Eventually, financial investment came from the pharmaceutical industry, interested in using Testicular Serum for male potency. The word Testosterone was officially coined in 1935 when the Dutch Pharmaceutical Giant Organon was able to convert that Testicular Serum into Crystalline Testosterone. The word Testosterone refers to the fact that Testosterone is a sterol molecule that was derived from the Testes. After Testosterone was isolated, a scientist at Schering Pharmaceuticals was able to deduce its molecular structure.

For Testosterone to be utilized effectively as a medical treatment, scientists would have to figure out a way to make Testosterone synthetically. Scientists Adolf Butenandy and Leopold Ruzicka were both able to figure out a way to convert cholesterol into Testosterone in a laboratory environment, leading them both to win Nobel Prizes for their efforts in 1939.

Testosterone In the Modern Era

As soon as Testosterone was synthesized, it could be produced in a laboratory much more cheaply than it could be harvested. Furthermore, clean labs producing isolated Testosterone minimized the risk of contamination, making it safer to use. Soon after its isolation, Testosterone Therapy began to increase, primarily used to treat men and boys that produced insufficient levels of Testosterone naturally. Testosterone has also found use as an aspect of Breast Cancer Treatment.

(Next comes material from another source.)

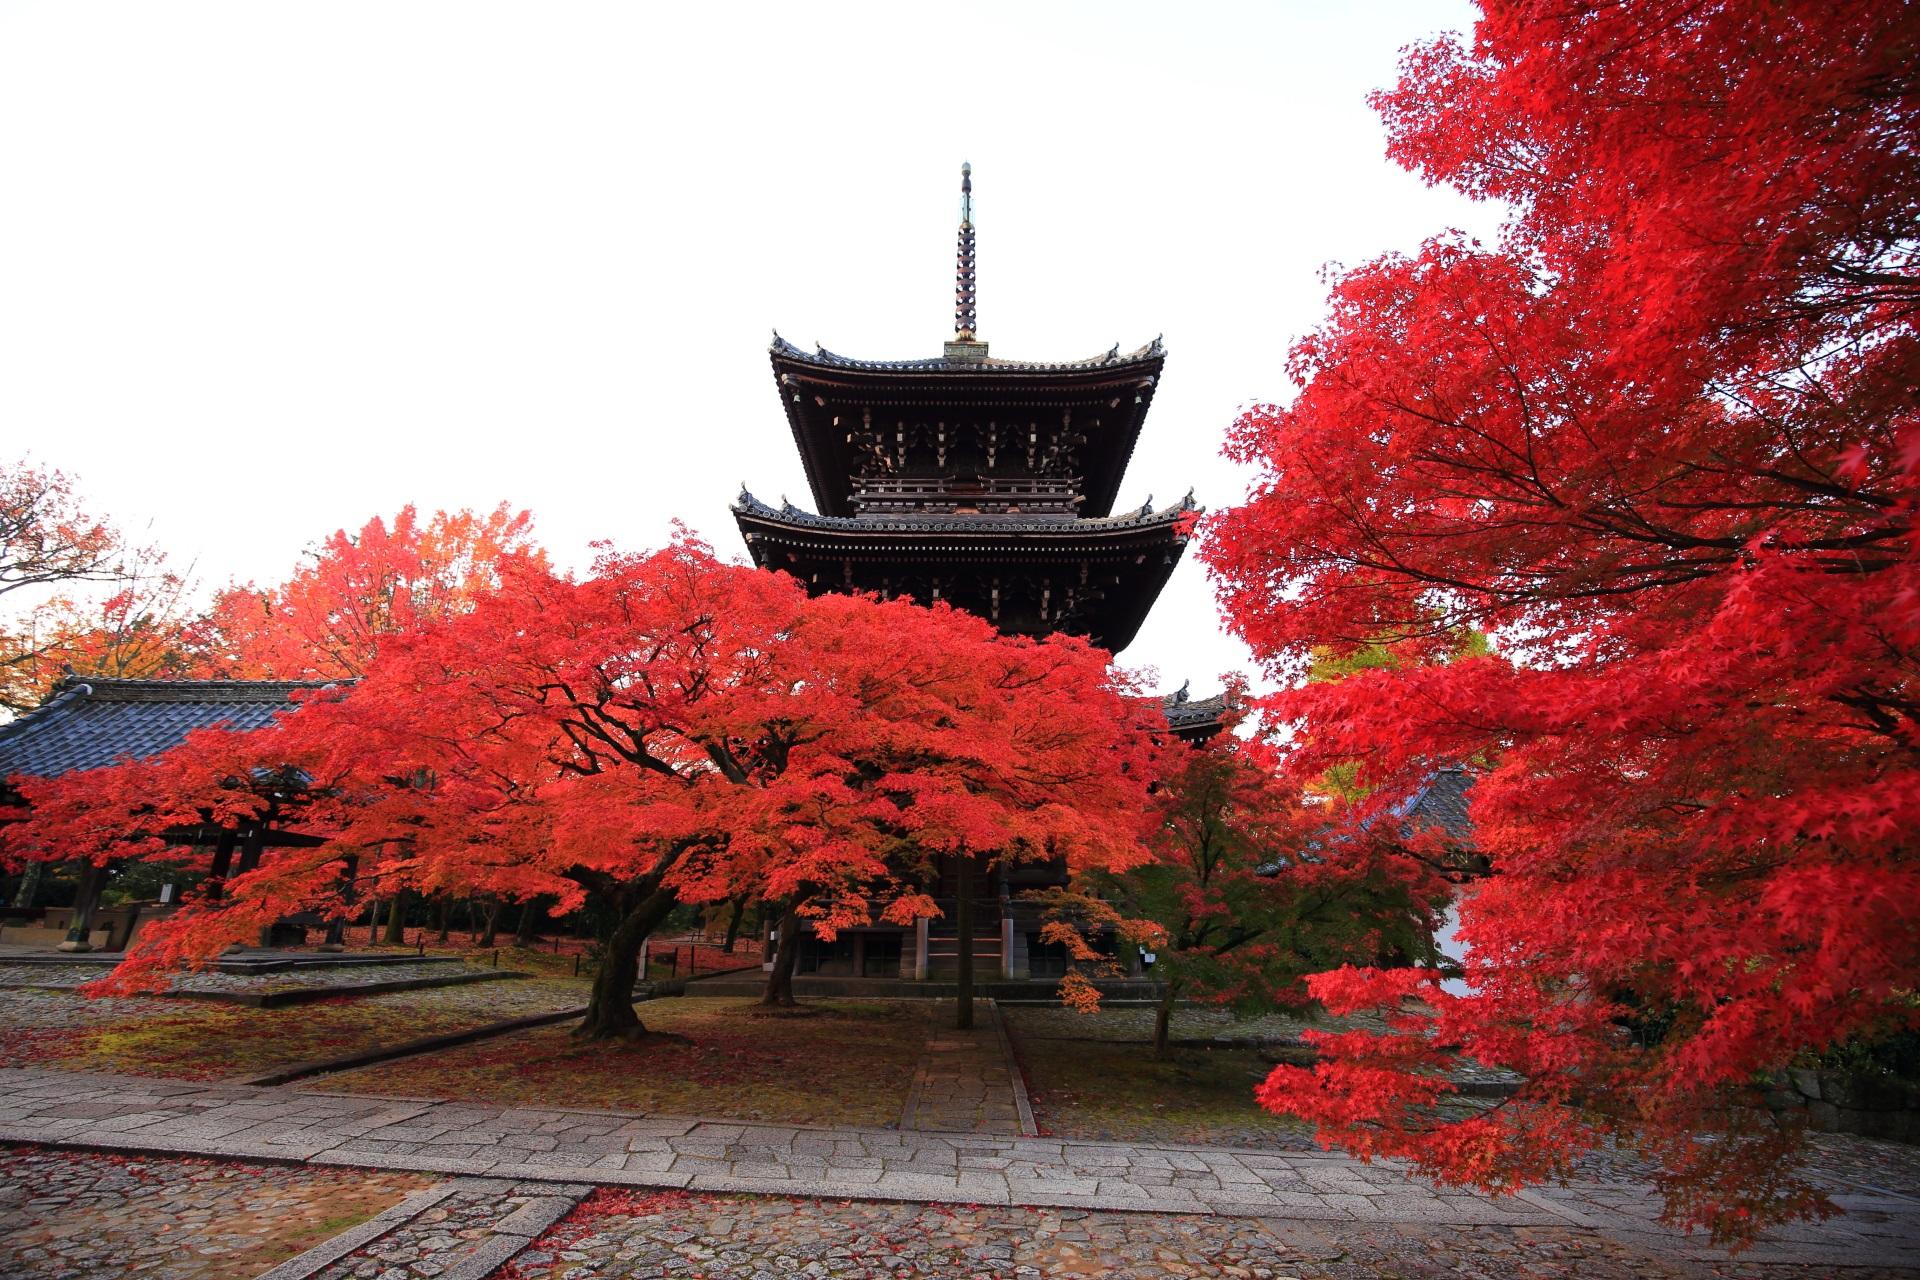 三重塔と手水舎を染める炎のような紅葉

The first widely available form of Therapeutic Testosterone employed implanted Testosterone Pellets, which degraded, emitting a slow stream of the potent hormone for the benefit of the patient. Soon after Testosterone Pellets were formulated, Testosterone Injections were formulated and found widespread popularity, beginning with Testosterone Propionate and evolving into long-acting formulations such as Testosterone Cypionate and Testosterone Enanthate, which are still available today.

Testosterone Patches and Creams came into vogue in the 1990s, and medical science had advanced to a point in which it was possible to accurately assess a patient’s Testosterone Levels and correctly restore Serum Testosterone to the healthy normal range.

Abuse of Testosterone

Of course, as Testosterone has been used for therapeutic reasons, it has also been used by those interested in Performance Enhancement. Just a year after Testosterone was isolated, it was already being used by German athletes in the Olympics in an attempt to amplify their performance. After World War 2, Testosterone and other Steroids were used in a state-sponsored program to dominate global athletic performance by any means necessary.

One of the most infamous cases of Steroid doping came in 1988, when Ben Johnson won the Gold for the 100-meter sprint in the Seoul Olympics, only to be outed for his use of Stanozol three days later.